**Task goal**. A verbatim copy of all the data is required; the pictures should not appear in it.

**Information shown**.
☆ ☆ ☆ ☆ ☆ ☆ ☆

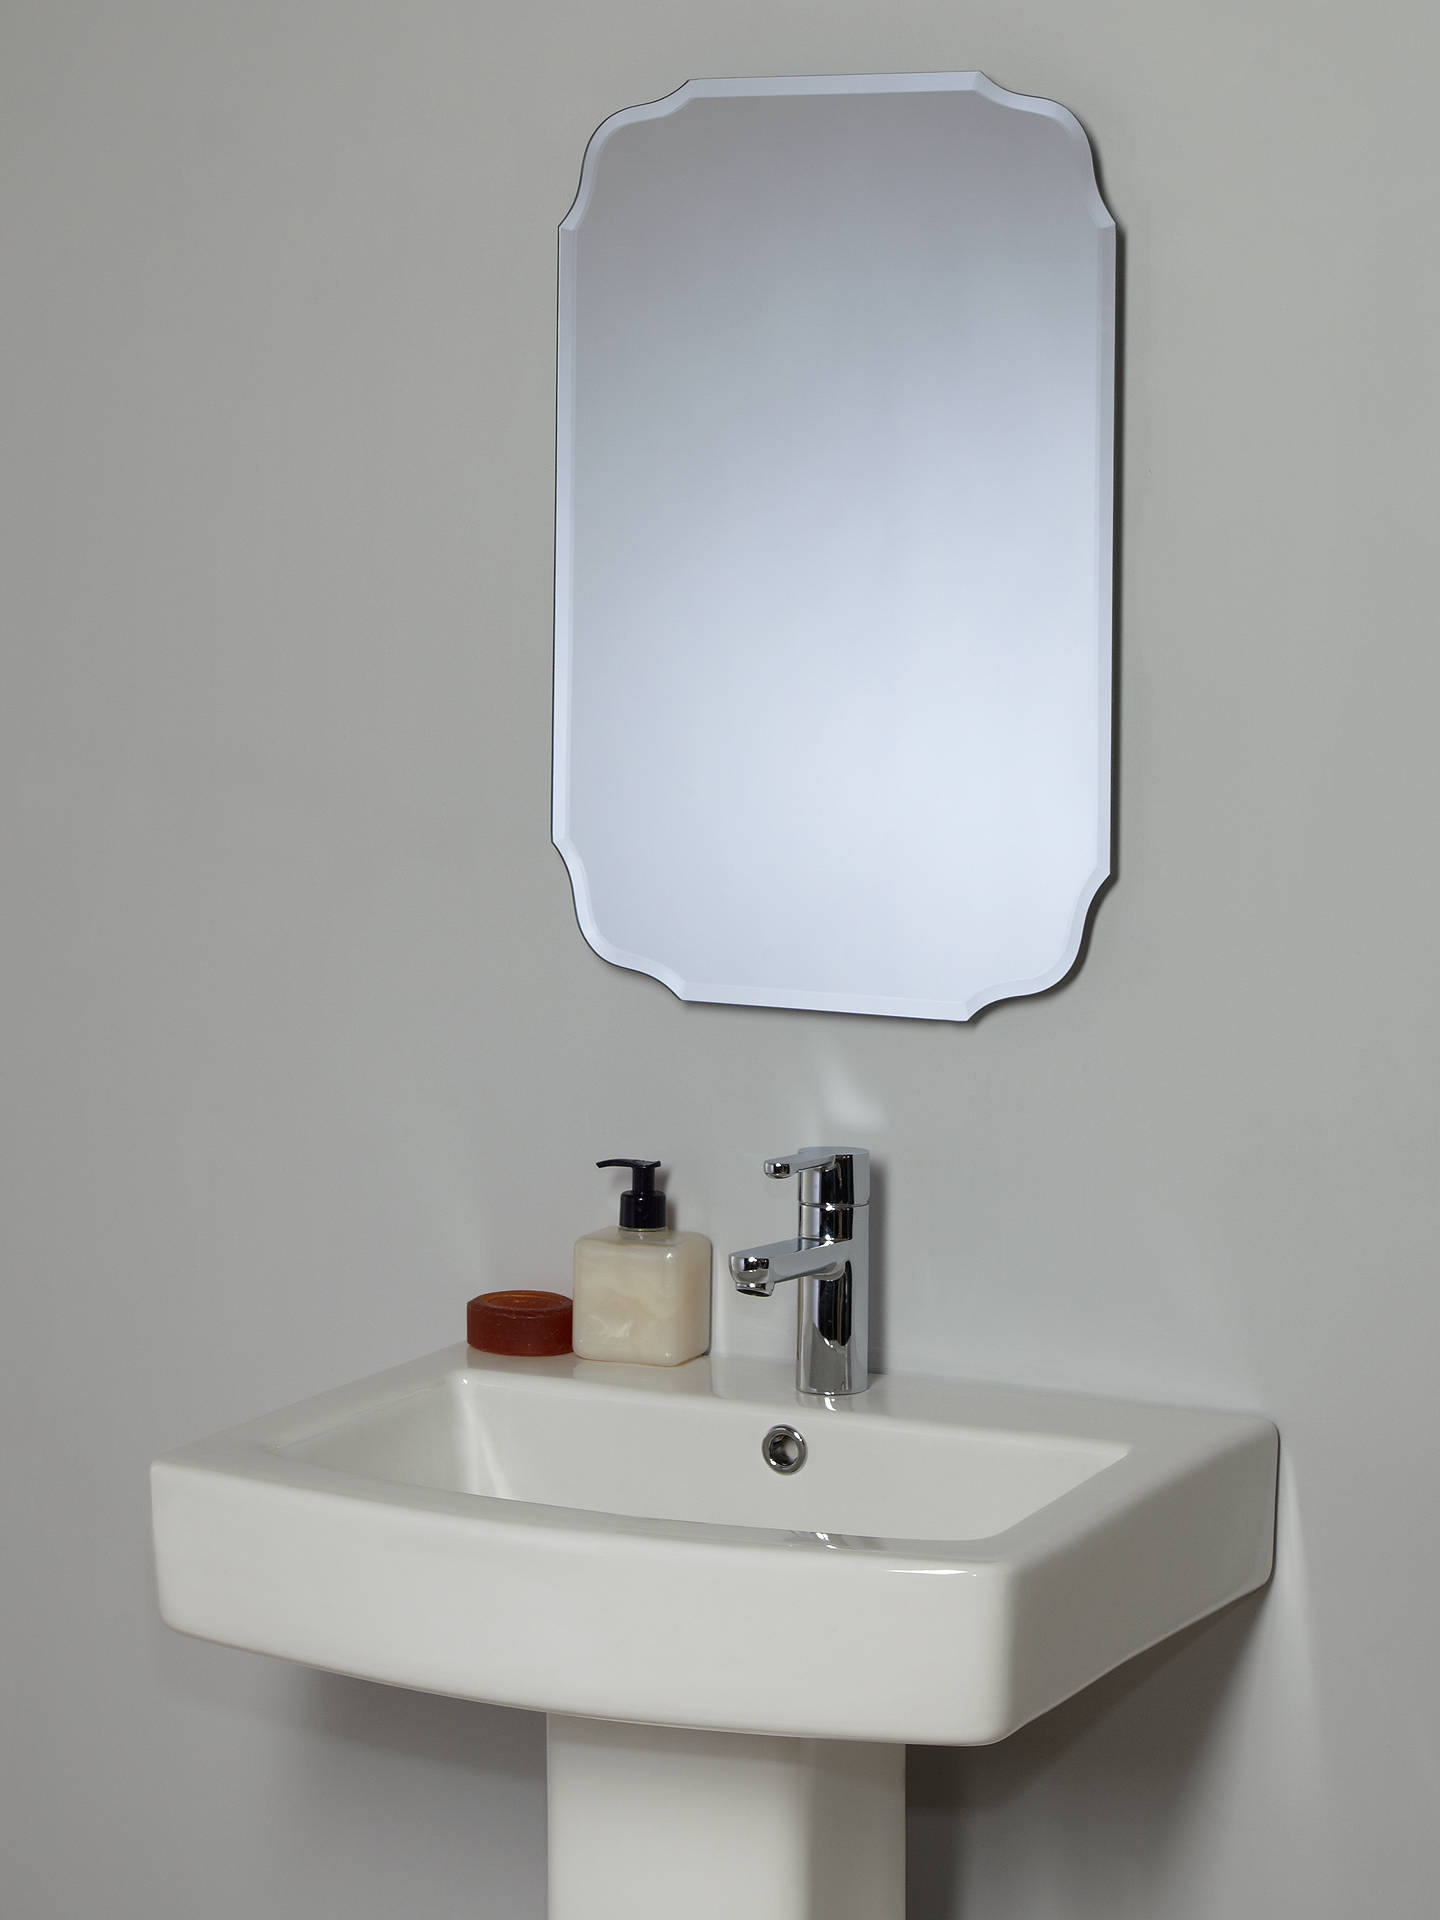 Bathroom Mirrors Online
 John Lewis & Partners Vintage Bathroom Wall Mirror at John
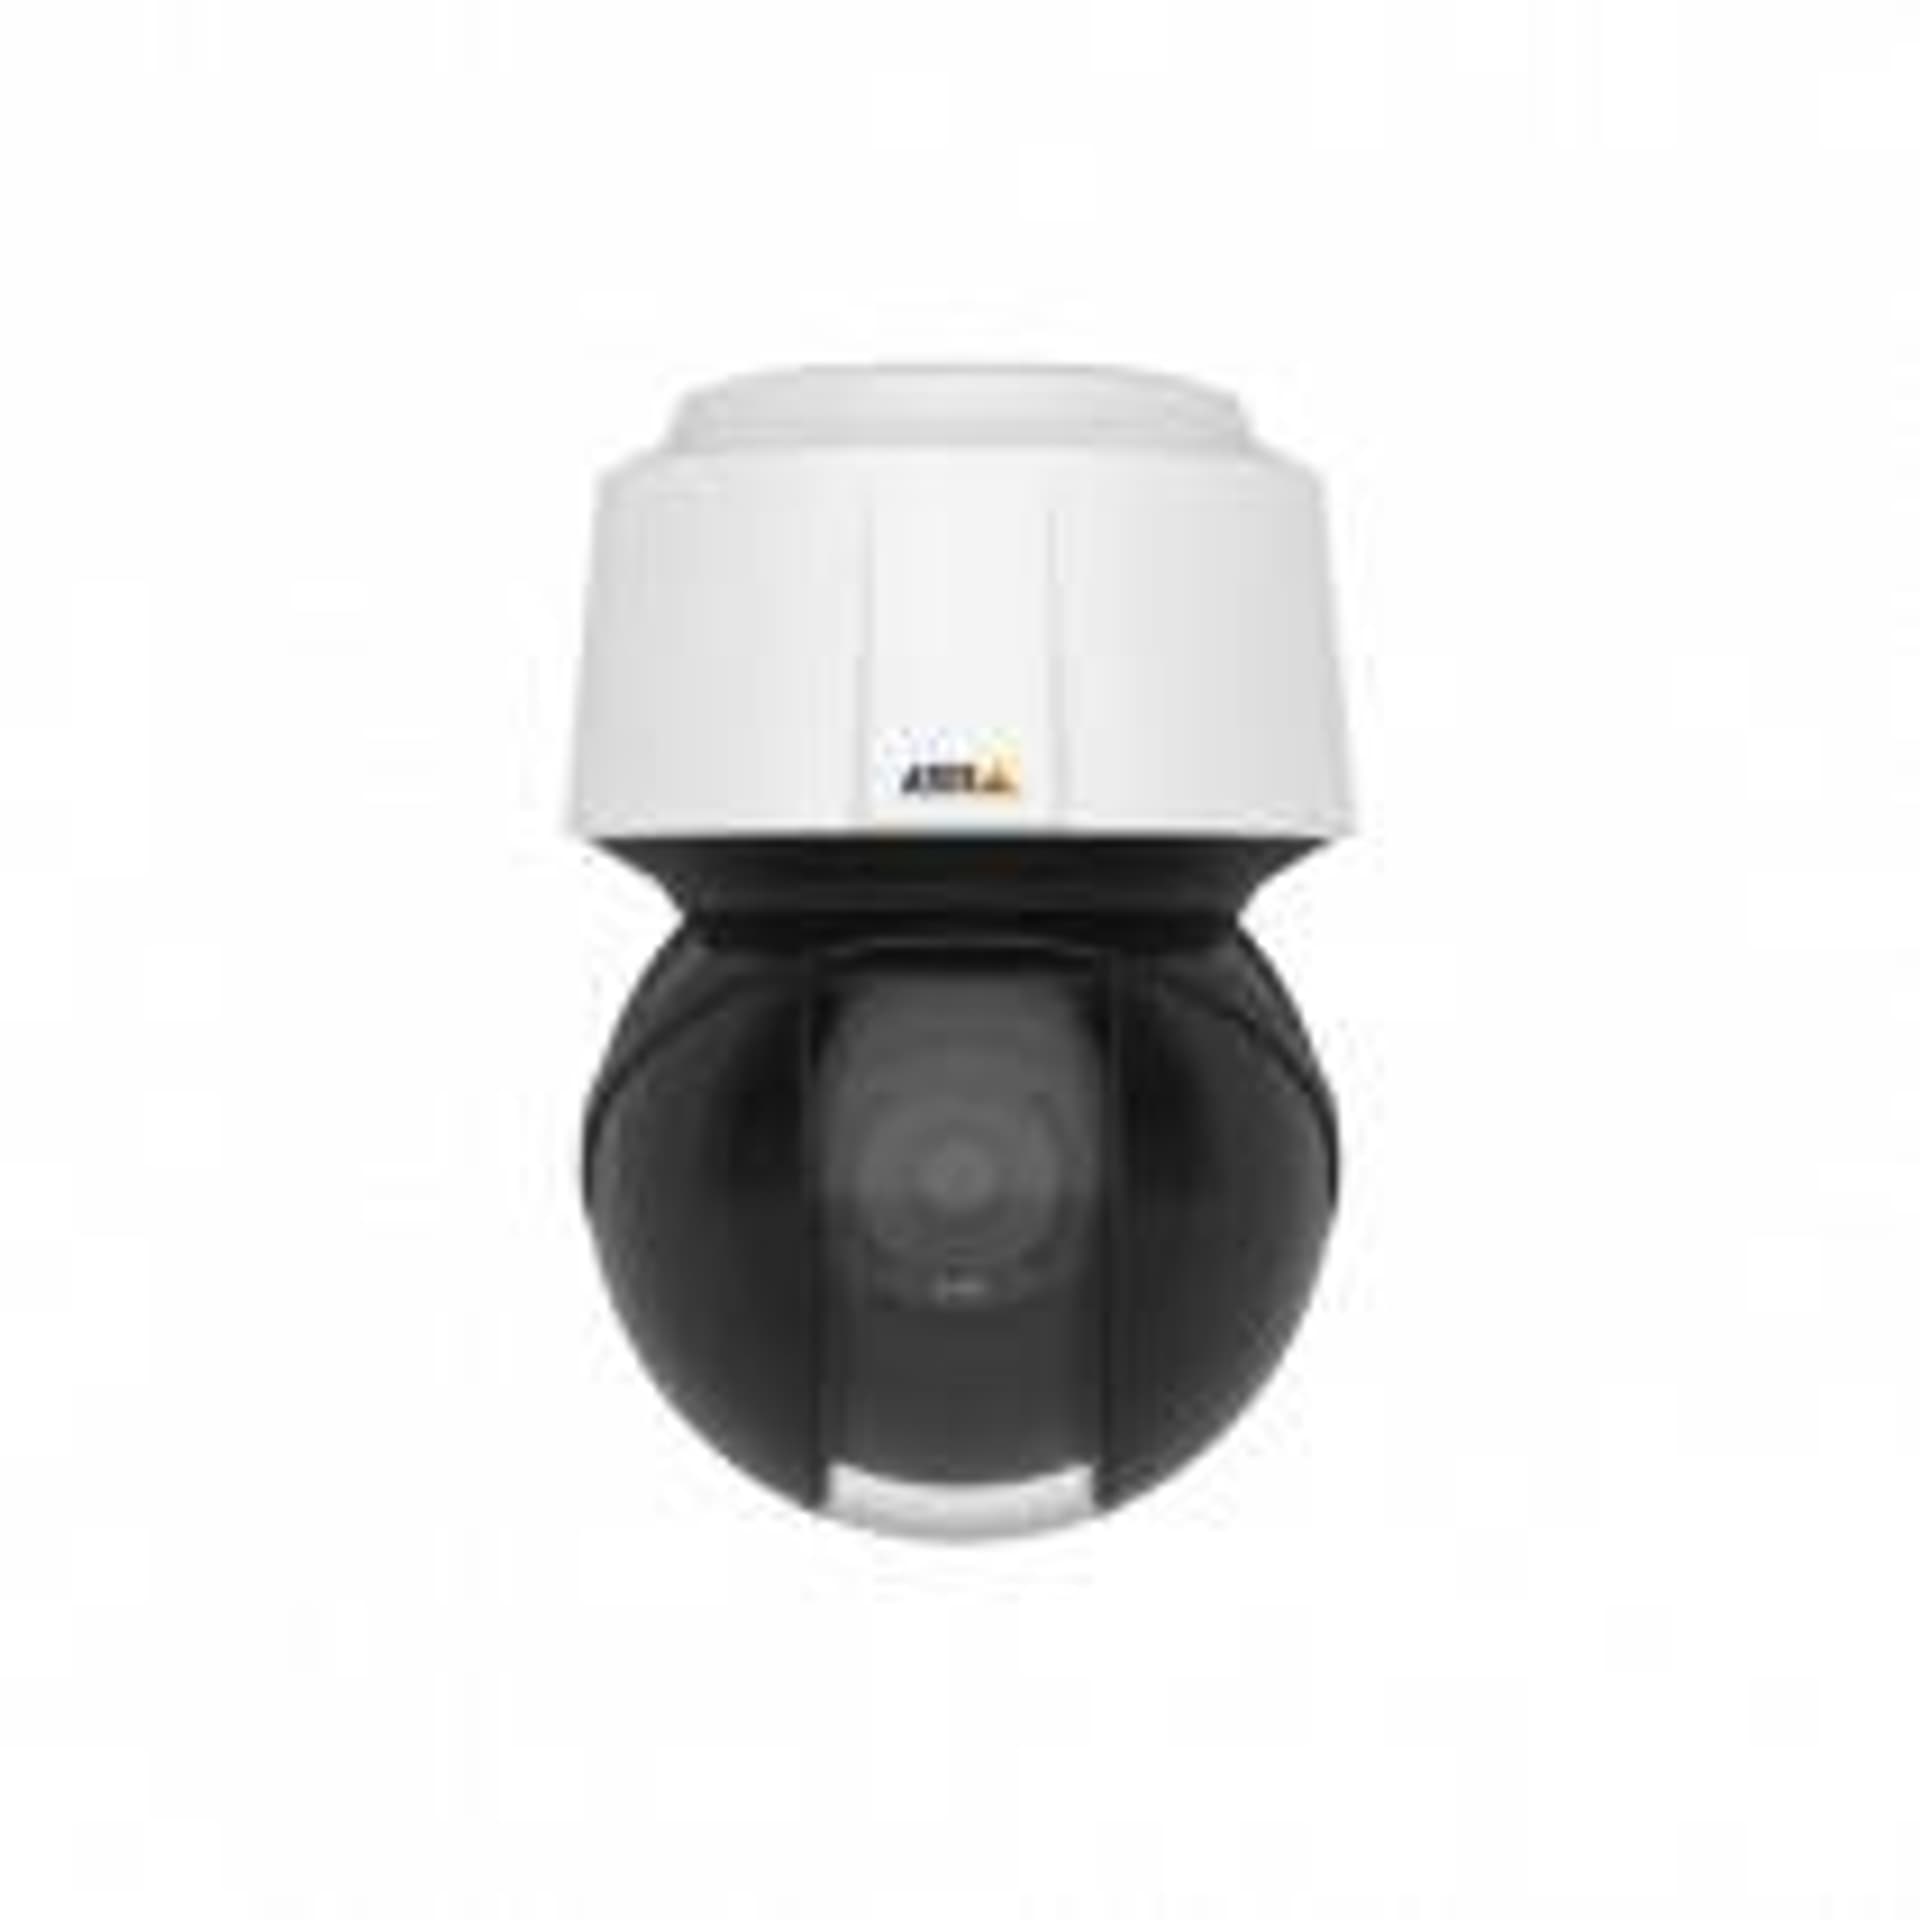 Zdjęcia - Kamera do monitoringu Axis Q6135-LE 50HZ PTZ camera with 
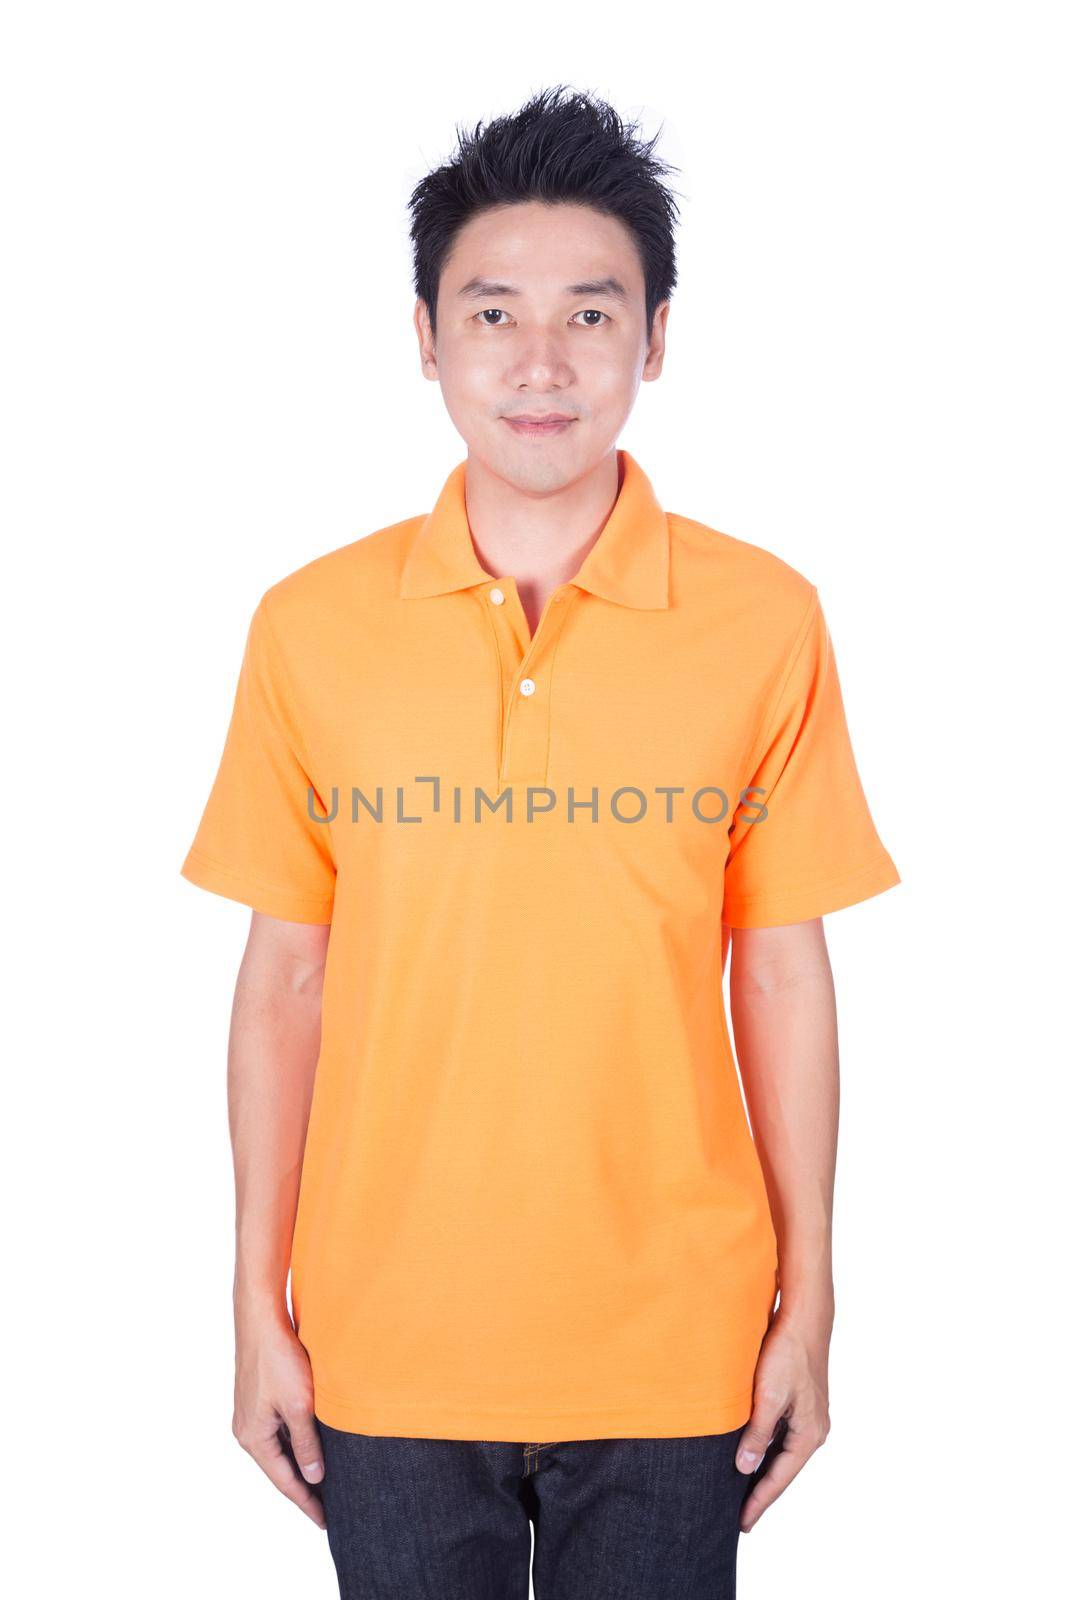 happy man in orange polo shirt isolated on white background

☆ ☆ ☆ ☆ ☆ ☆ ☆

**Answer section**.
 Bathroom Mirrors Online
 John Lewis & Partners Vintage Bathroom Wall Mirror at John
 Zdjęcia - Kamera do monitoringu Axis Q6135-LE 50HZ PTZ camera with 
 happy man in orange polo shirt isolated on white background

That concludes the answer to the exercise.